January 18, 2022
by Scott McClure
Creighton University - Retired
click here for photo and information about the writer

Tuesday of the Second Week in Ordinary Time
Lectionary: 312
Praying Ordinary Time

A man stands in the ocean, water up to his waist, small waves rippling behind him. In his mouth he holds part of a thin fishing net that he is casting out, arms in motion. His gaze is directed somewhere off-frame at an object known only to him. 

Described above is a photo taken by Creighton University's very own Don Doll, SJ. The photo, taken in 1968 in Belize, is for me a work of art that affected me by surprise and without justification from the moment I first saw it. It shows a moment in time and, for me, comes with so many questions born from the gaze of a man whose self and intent is admittedly unknown to me. Despite these unknowns, I imagine hope in his eyes and, accordingly, this photo is what came to mind when I read today's scripture. You see, typically it is the gospel passage or one of the readings that catches my attention more than the others. I was surprised when I gravitated toward today's Alleluia, particularly the following: that we may know what is the hope that belongs to our call. 

In today's scripture, hope was essential for Samuel, allowing him to overcome his fear of Saul's wrath and embrace God's call. Hope in David's potential was also alive in his anointing - his calling. Indeed, hope is essential to being Jesus' companion. It makes what does not exist in the present exist for us in the future, even if we do not know when. It is what fuels our labor for a more loving and just world that is the hope of God, himself. At a more personal scope, hope makes us believe that who God wants us to be - fully ourselves - is indeed possible. 
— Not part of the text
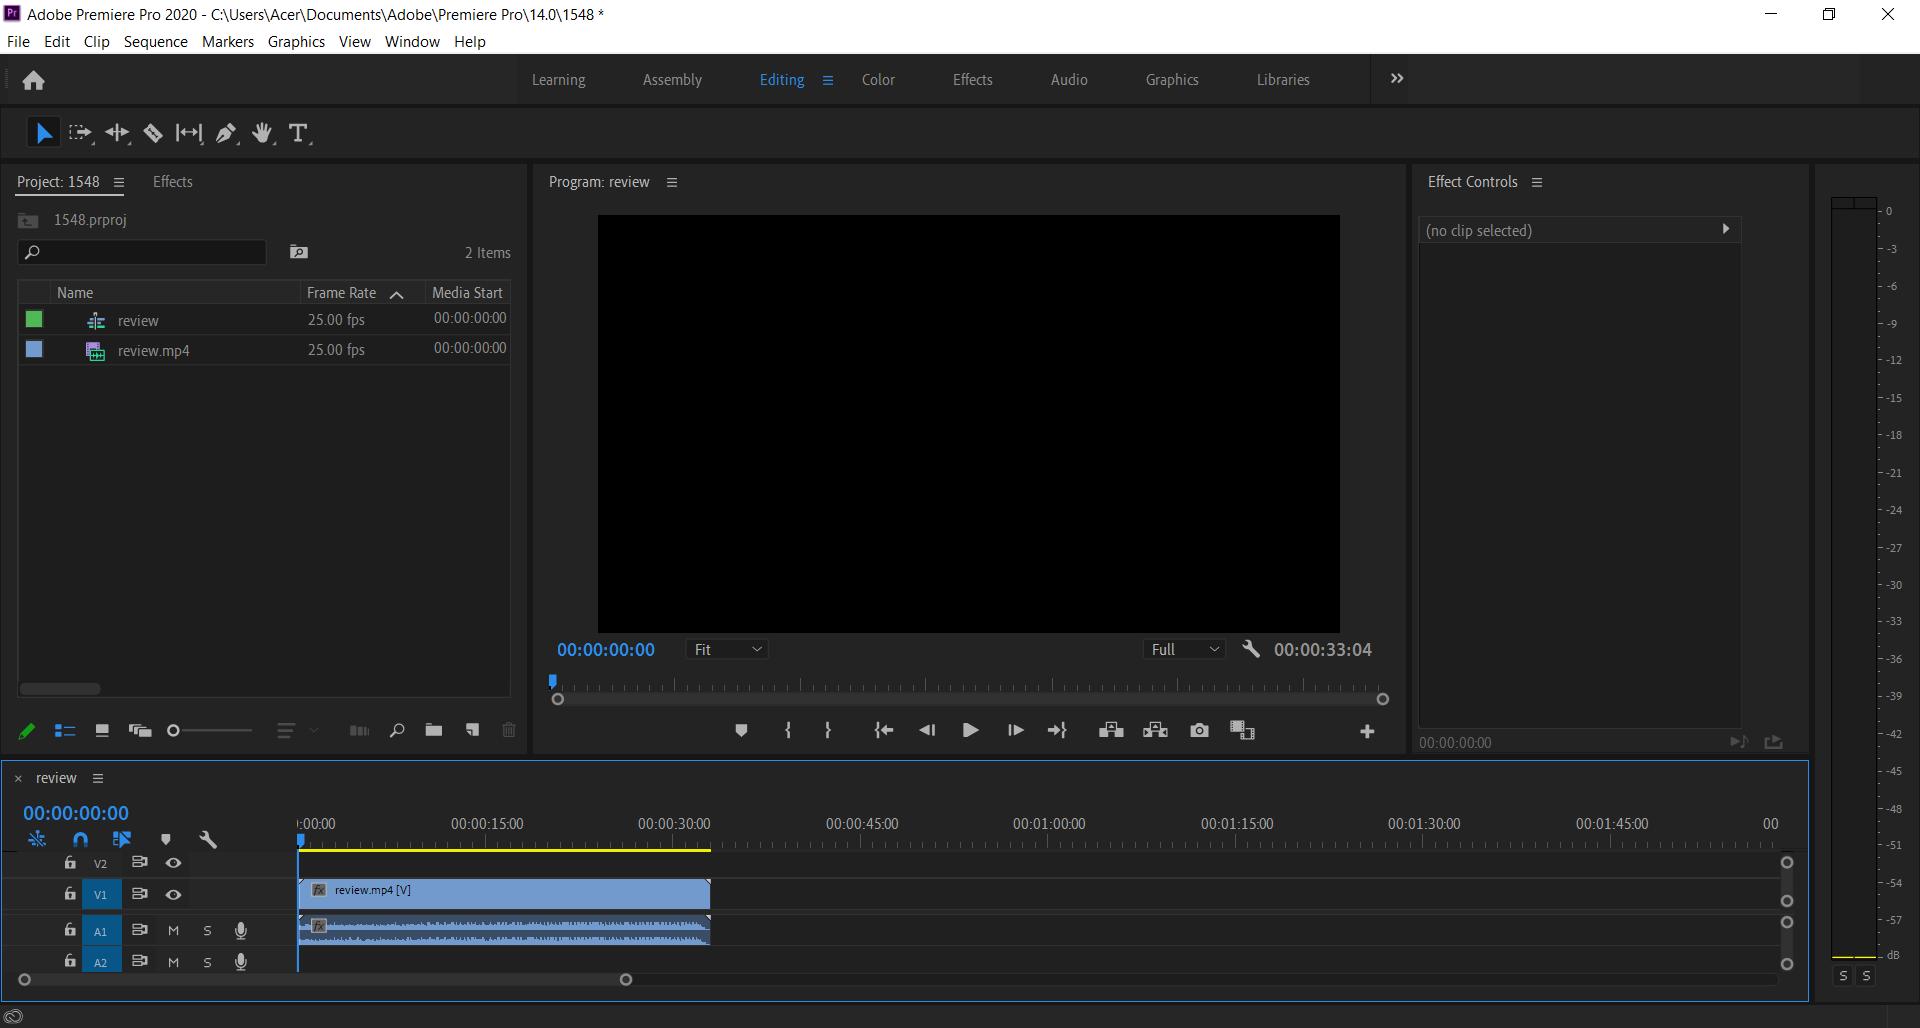 Video Editing Basics with Adobe Premiere Pro CC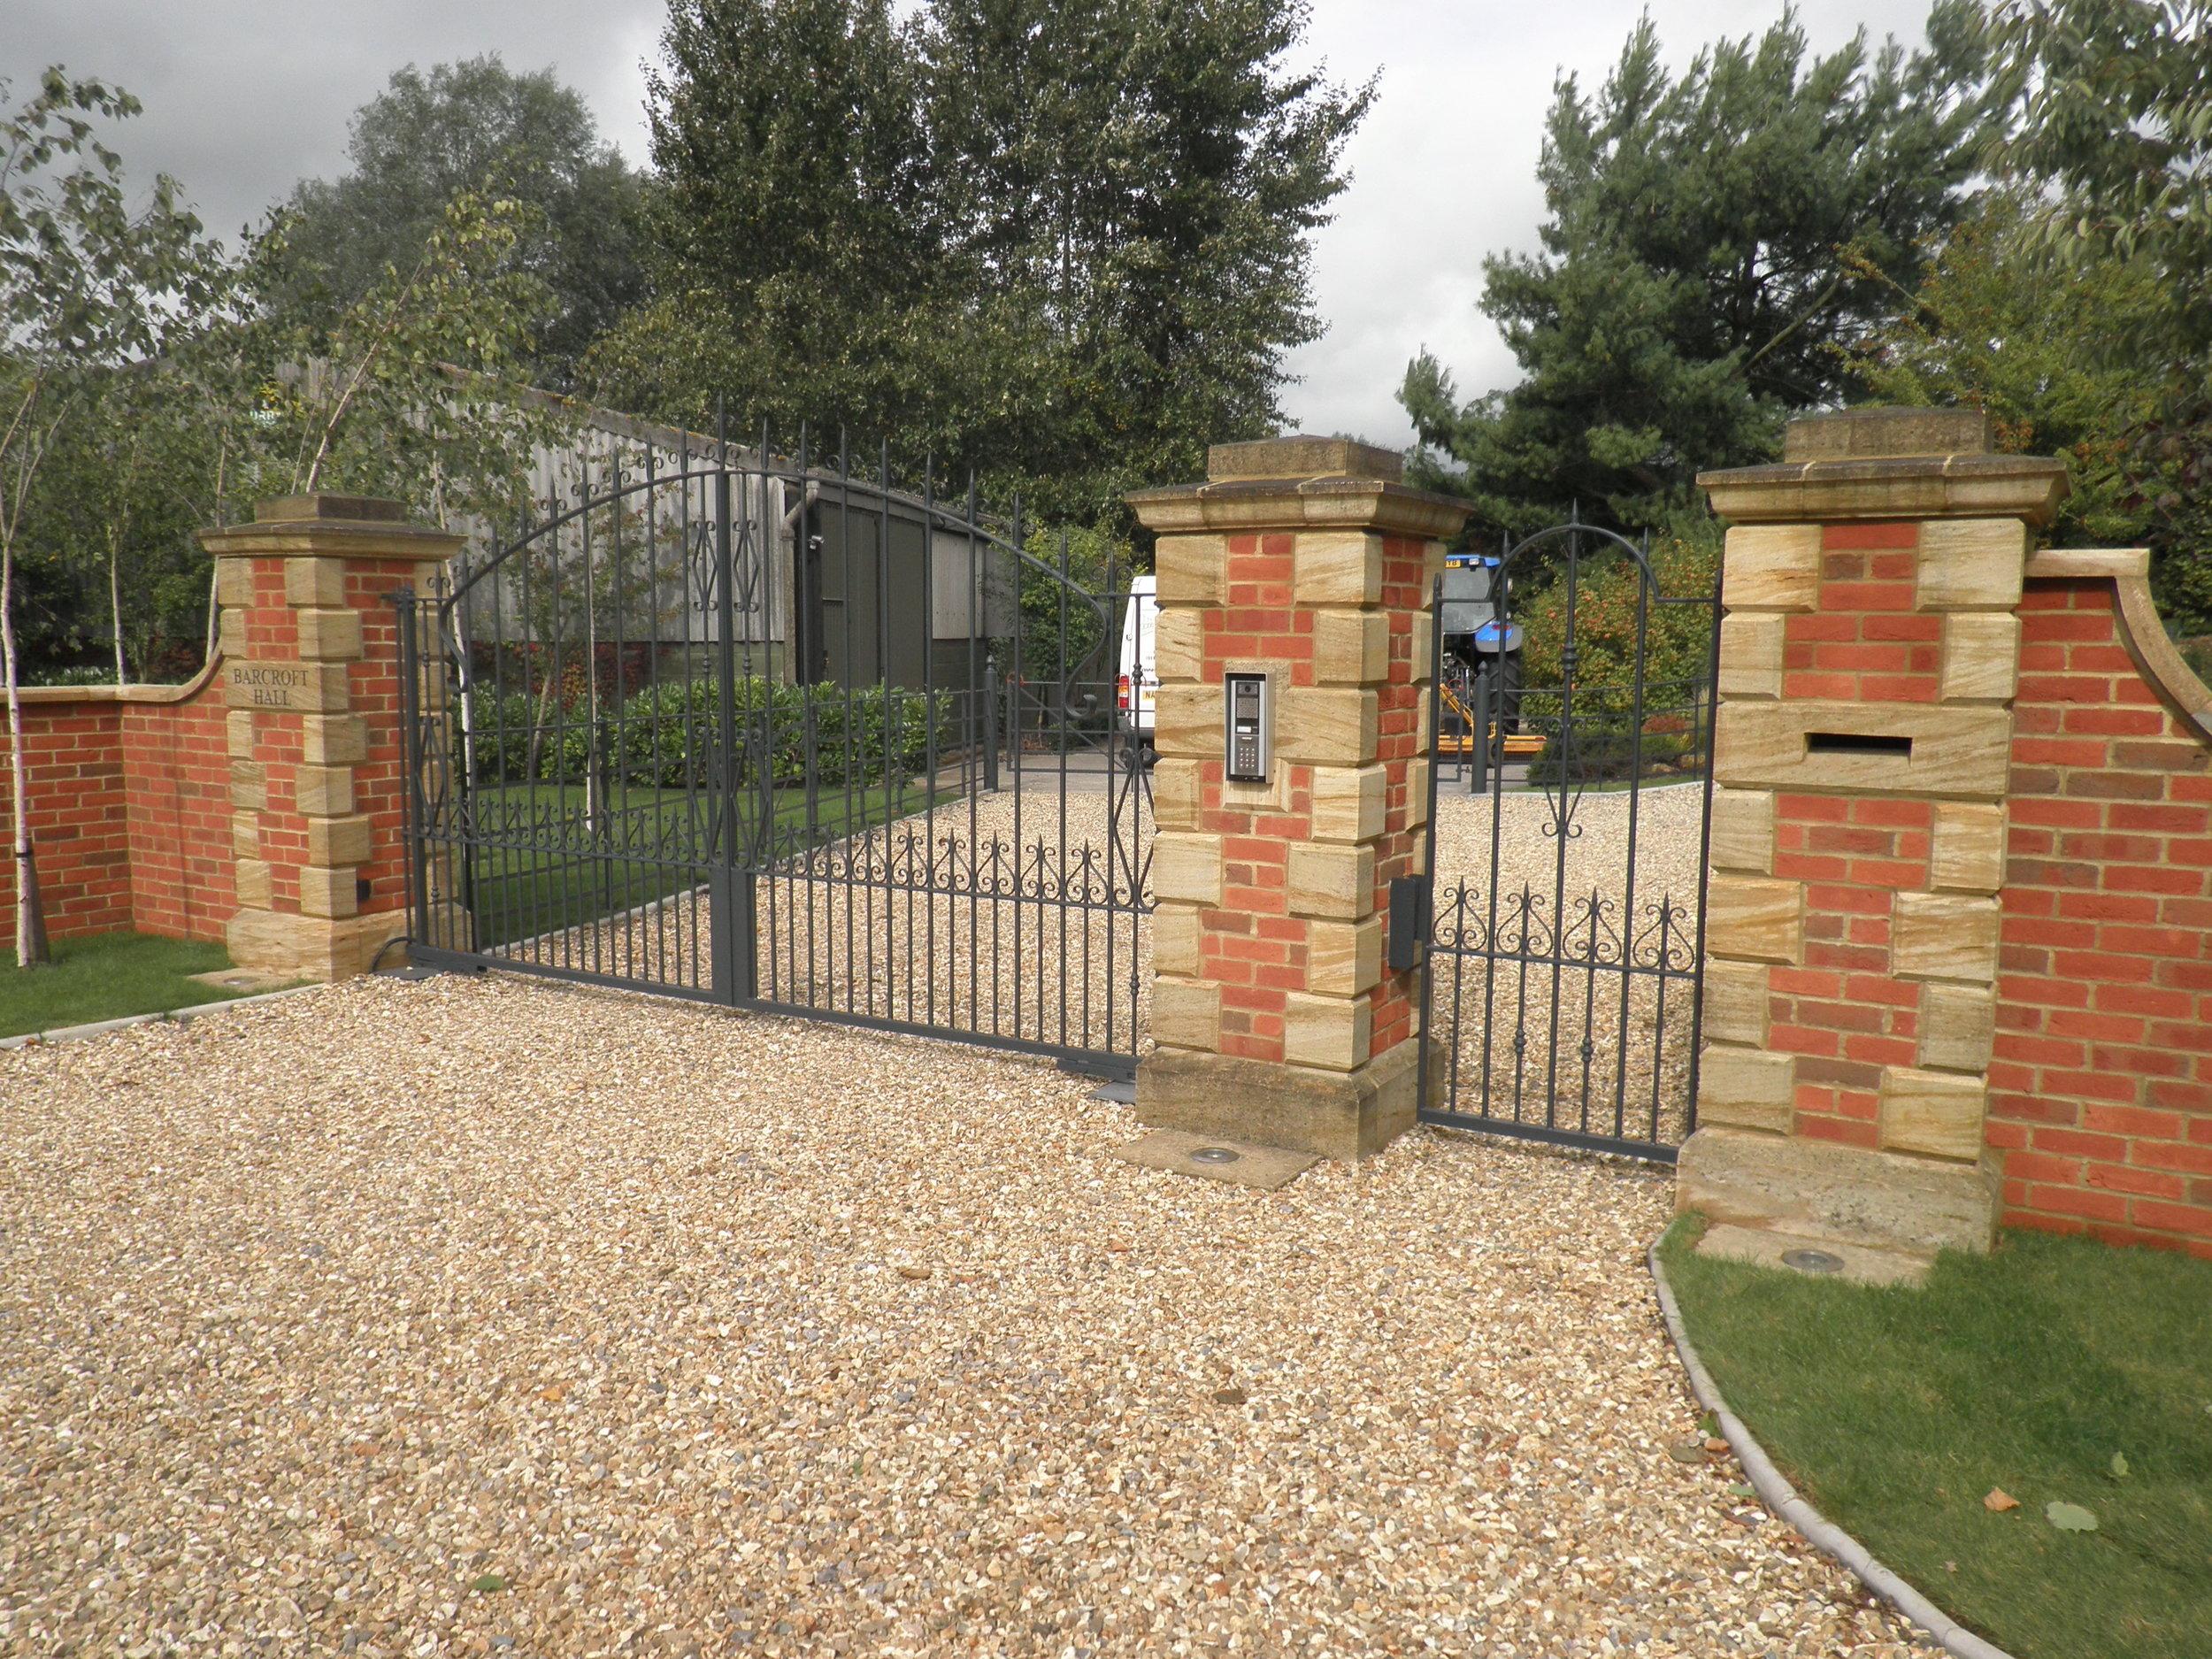 Metal Gates with Pedestrian Access

Even at the moments most filled with darkness and despair, hope is there. Think about Jesus' companion, Peter. Peter denied Jesus not once, not twice, but three times in his hour of need. The anguish Peter must have felt at fulfilling what Jesus had foretold. Can you imagine? And yet, we know that even in that moment and even if Peter couldn't see it, hope was there - hope in God's limitless mercy and love. Hope in Peter's fulfillment of God's plan for him. 

Who is God calling you to be? Where is Jesus leading you? Despite the unknowns, proceed with hope. Because hope is already with you. Because God is already with you.